Omit every picture, then return each line of the data below exactly.
START Dataset content
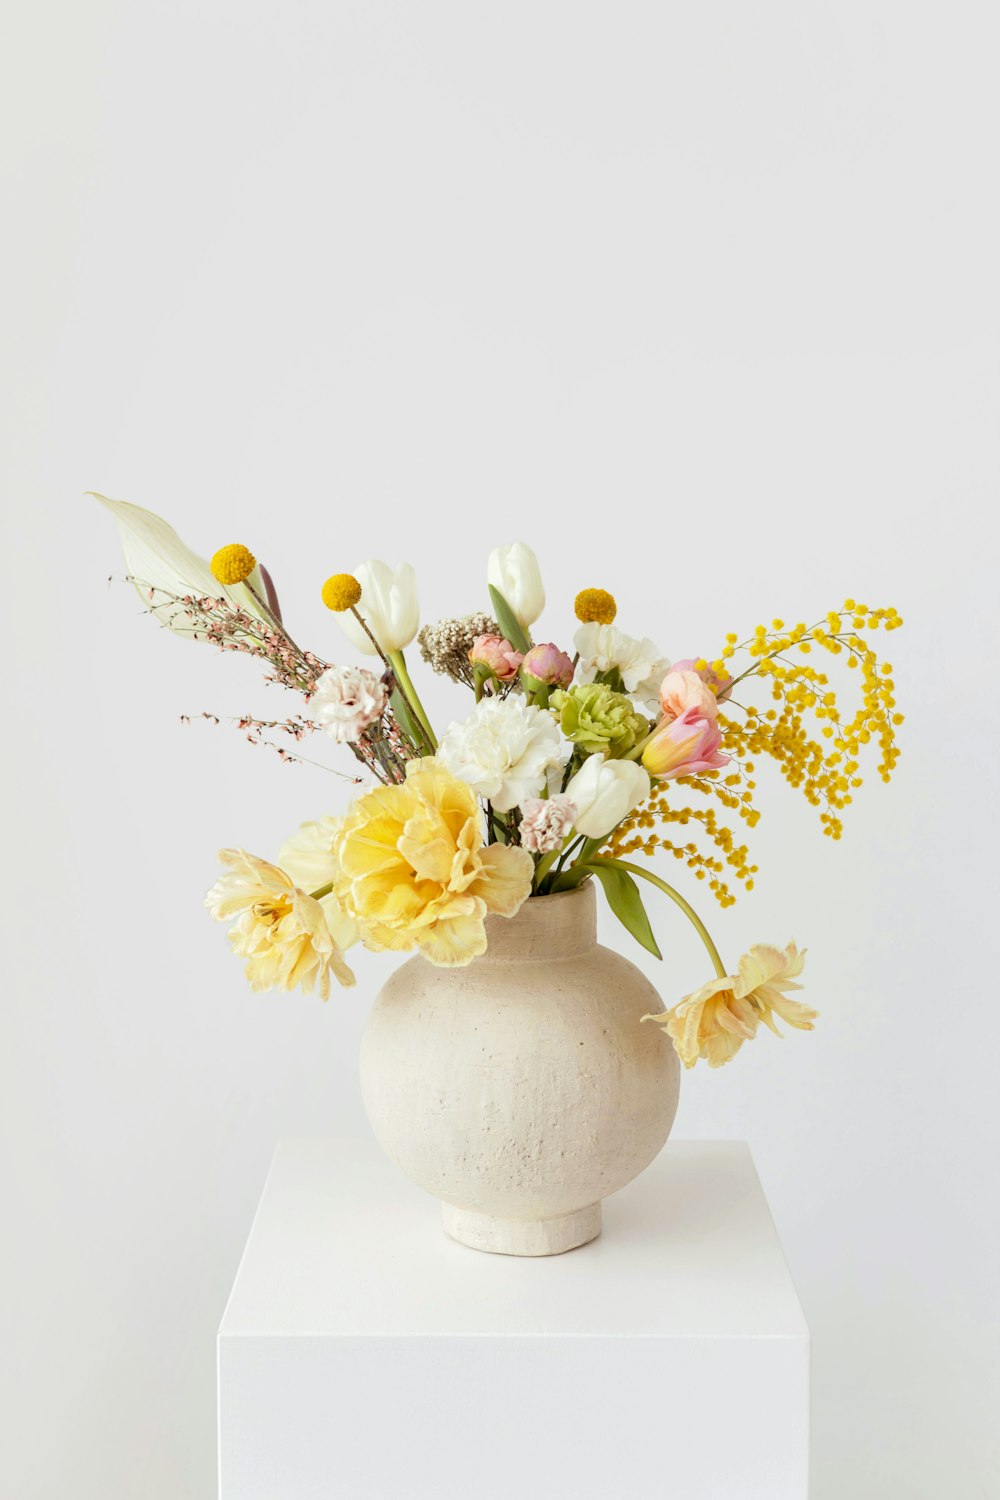 um vaso branco com flores amarelas e brancas nele
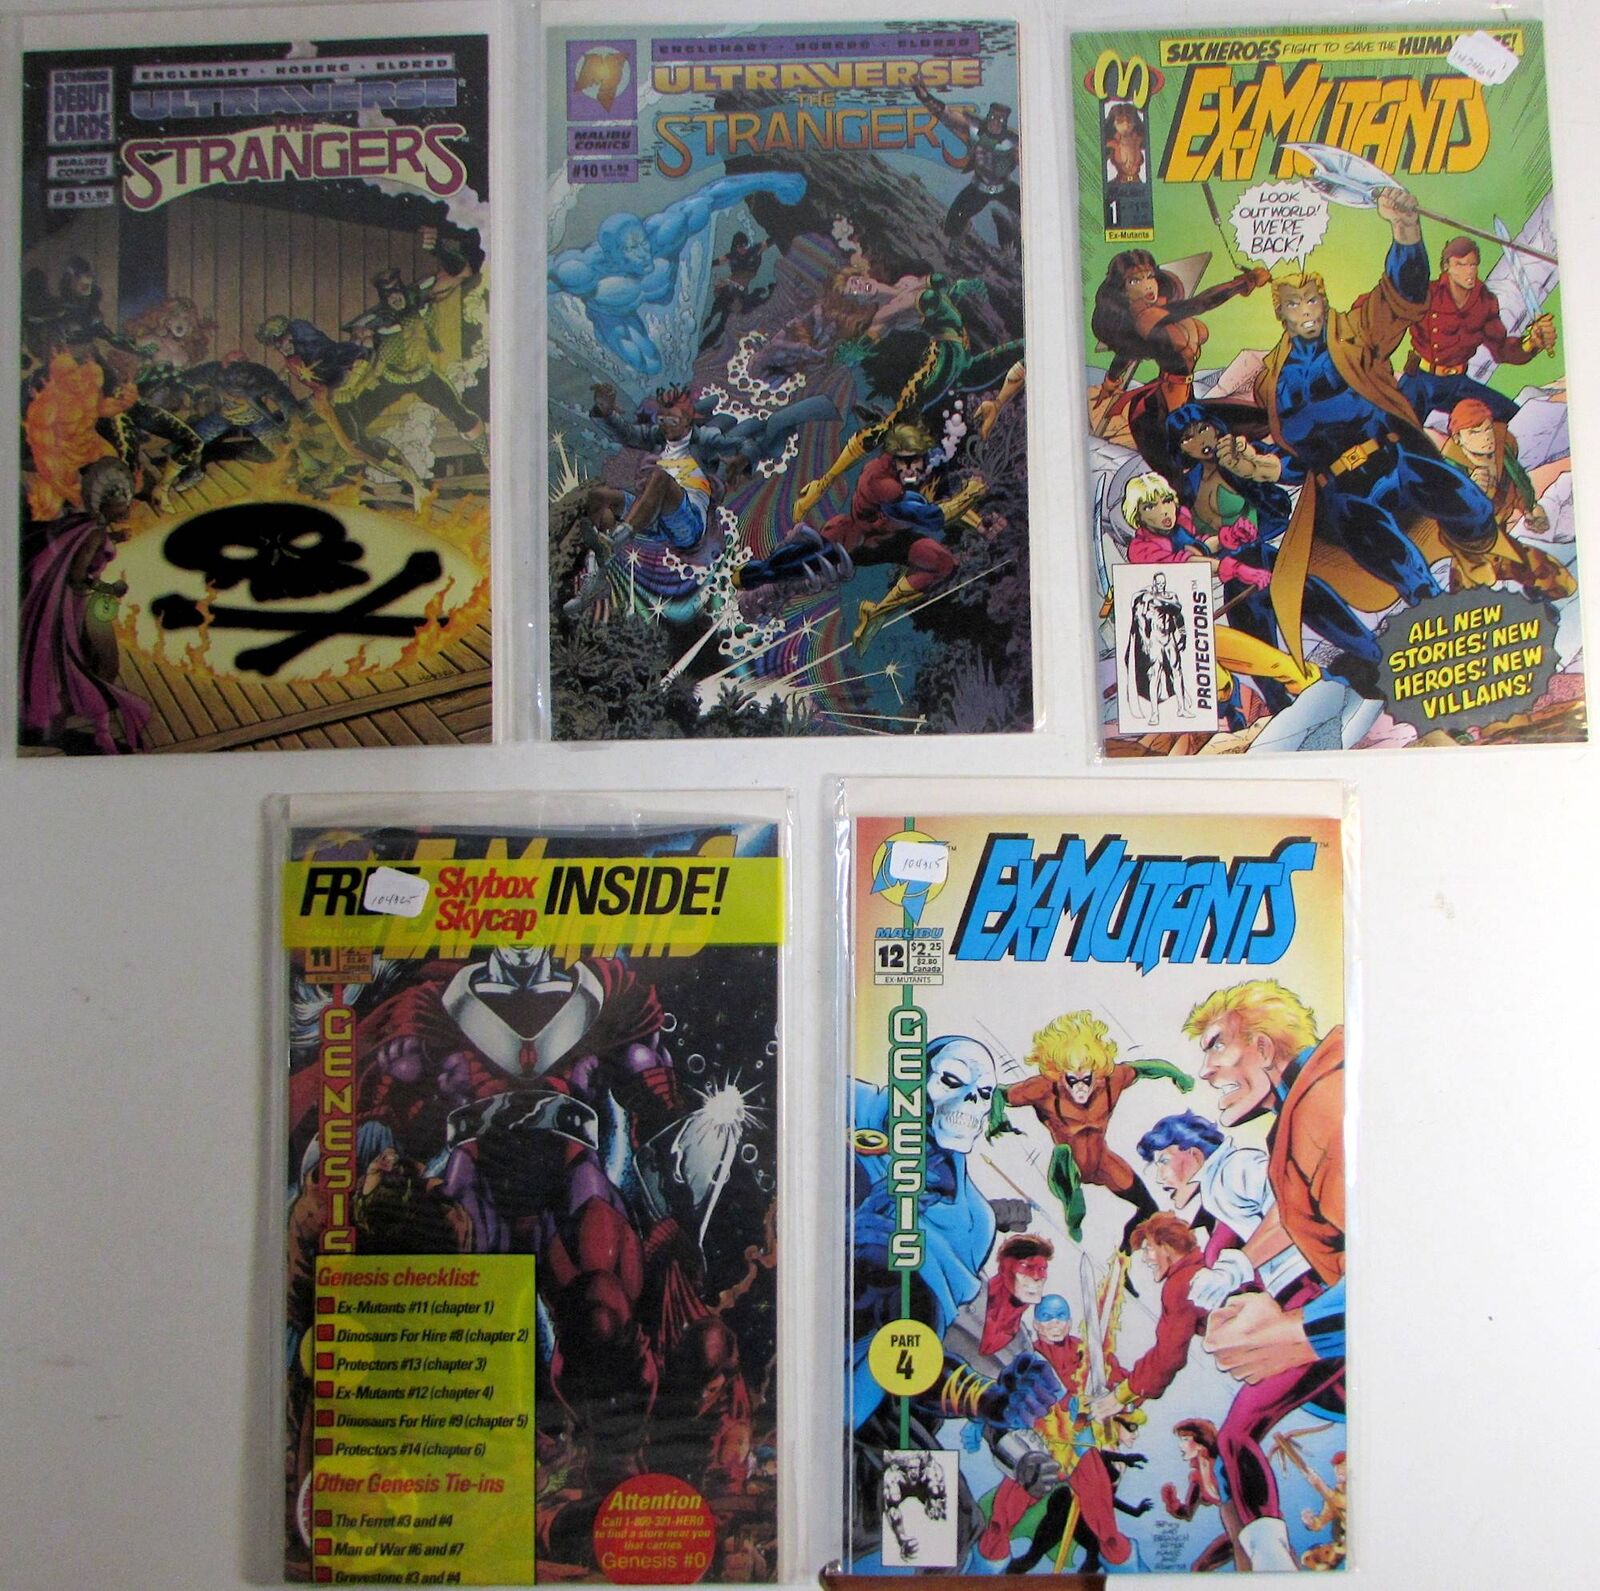 1994 Mixed Lot of 5 #Strangers 9,10,Ex-Mutants 1,11,12 Malibu 1st Print Comics
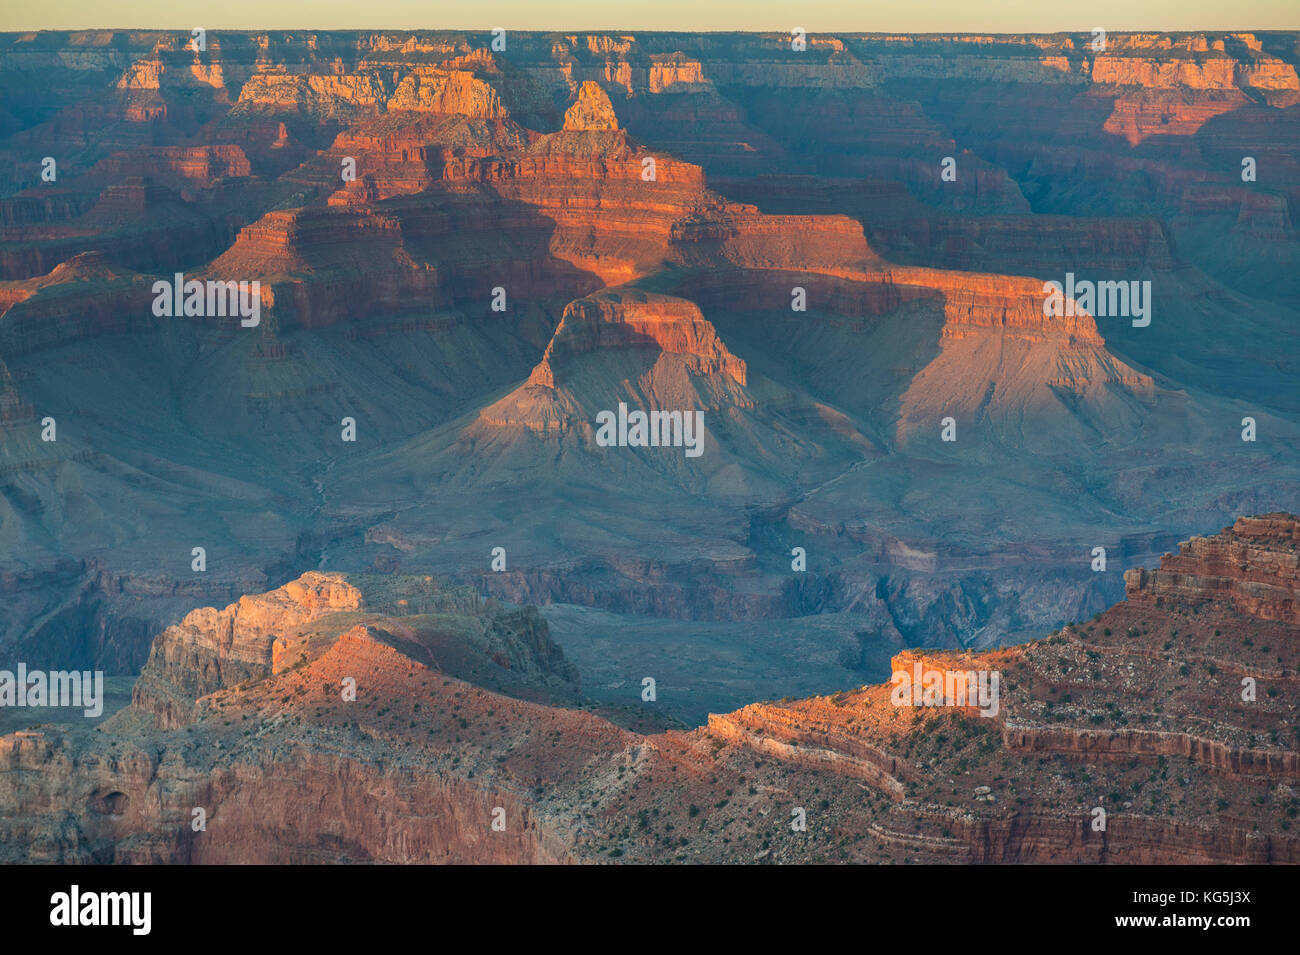 Tramonto sul bordo sud del Grand Canyon, Arizona, Stati Uniti d'America Foto Stock
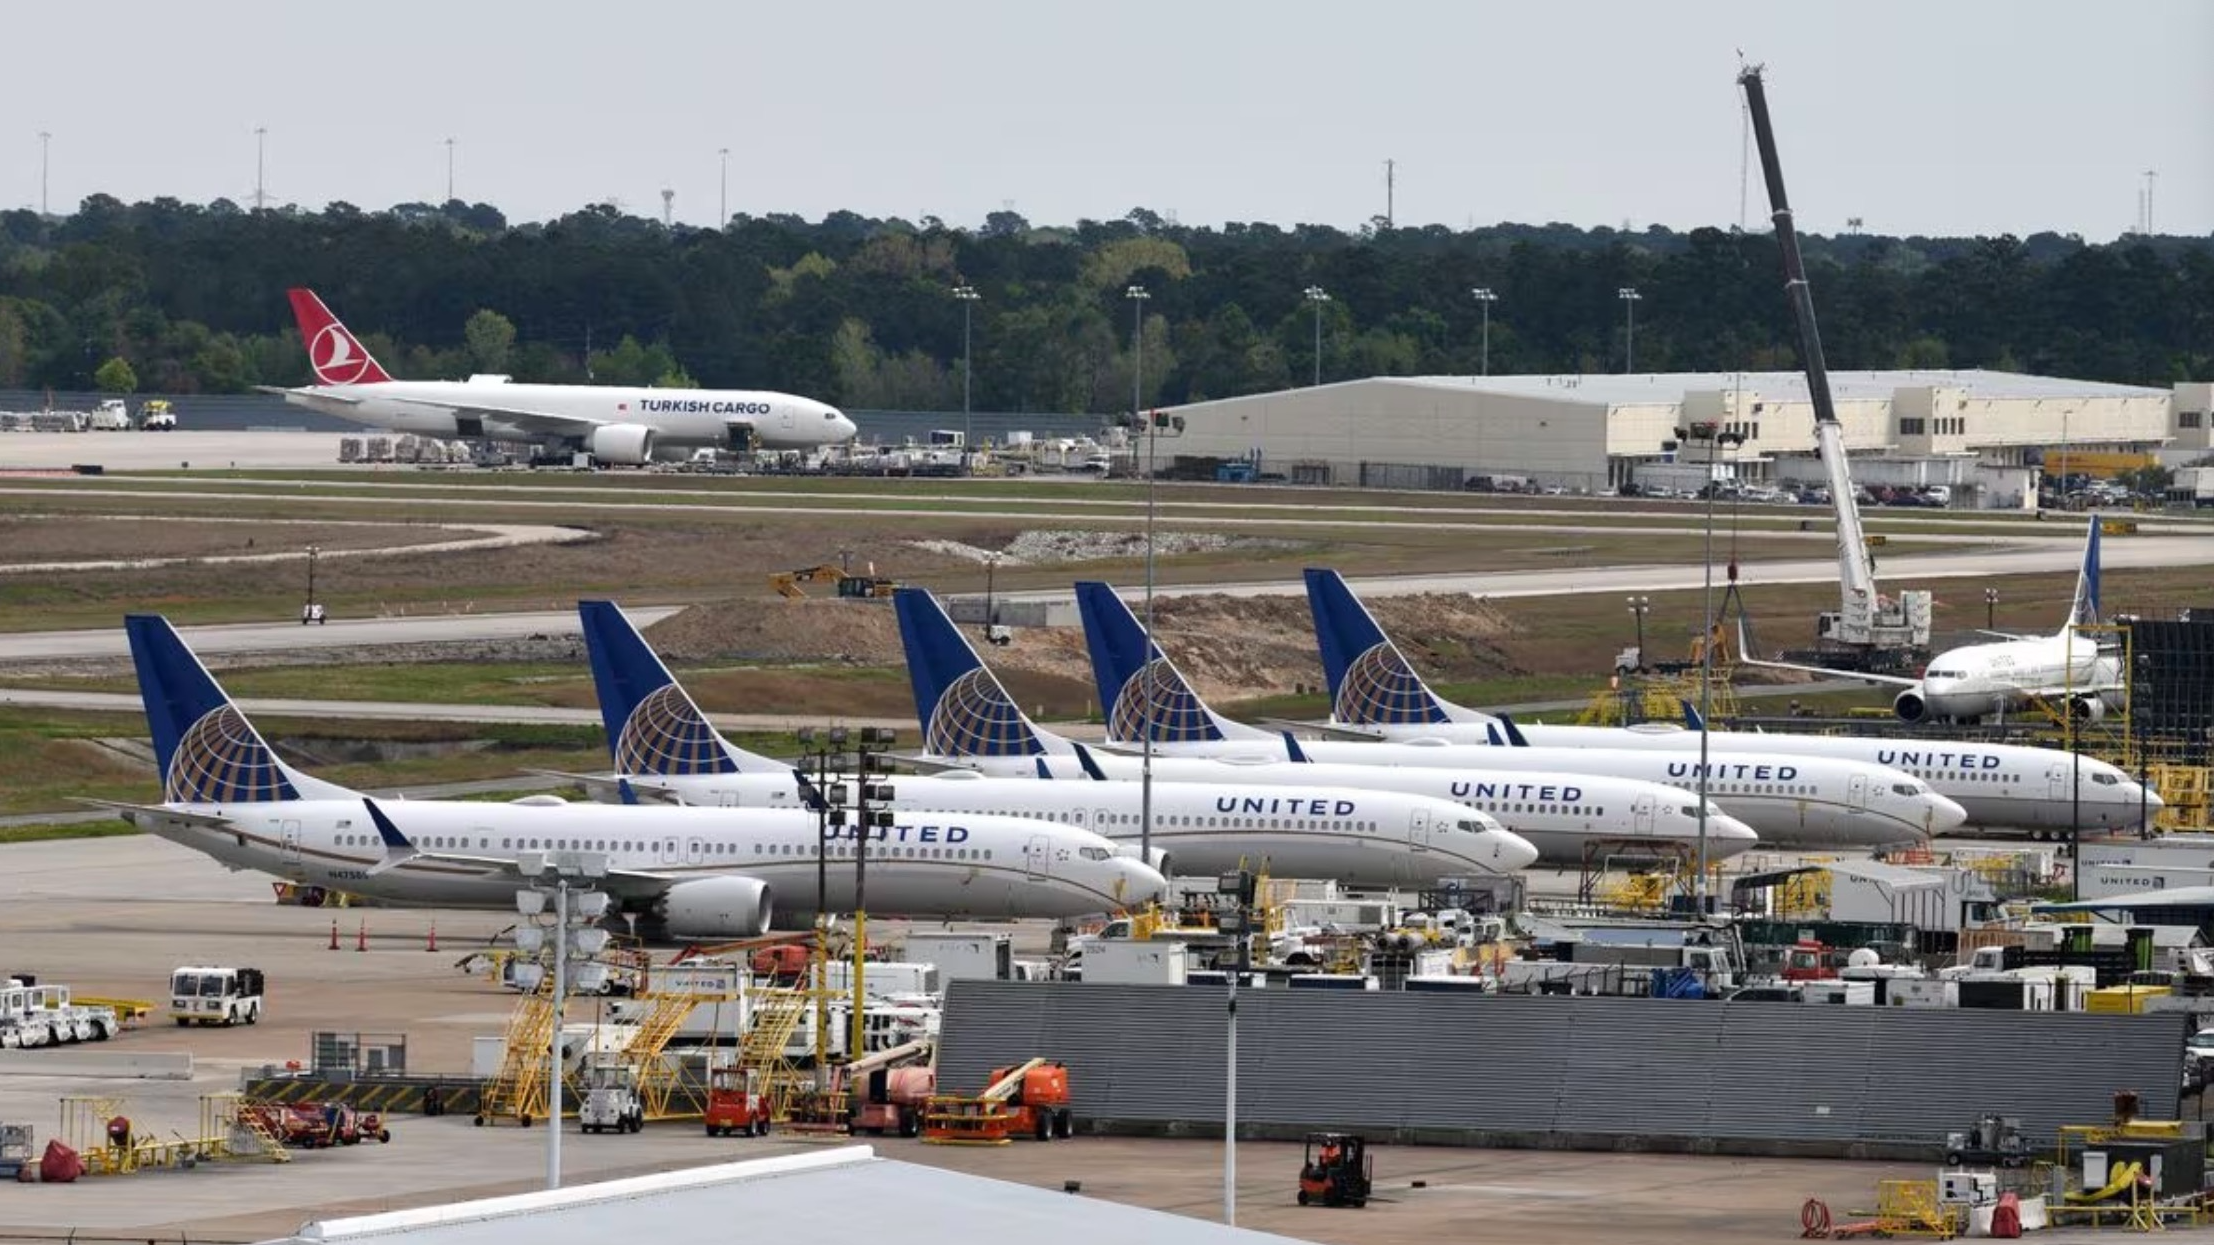 联合航空公司的飞机，包括一架波音 737 MAX 9 型号，在美国德克萨斯州休斯顿乔治布什洲际机场拍摄/路透社
END Dataset content
Completed task:
 um vaso branco com flores amarelas e brancas nele
 1994 Mixed Lot of 5 #Strangers 9,10,Ex-Mutants 1,11,12 Malibu 1st Print Comics
 Tramonto sul bordo sud del Grand Canyon, Arizona, Stati Uniti d'America Foto Stock
 联合航空公司的飞机，包括一架波音 737 MAX 9 型号，在美国德克萨斯州休斯顿乔治布什洲际机场拍摄/路透社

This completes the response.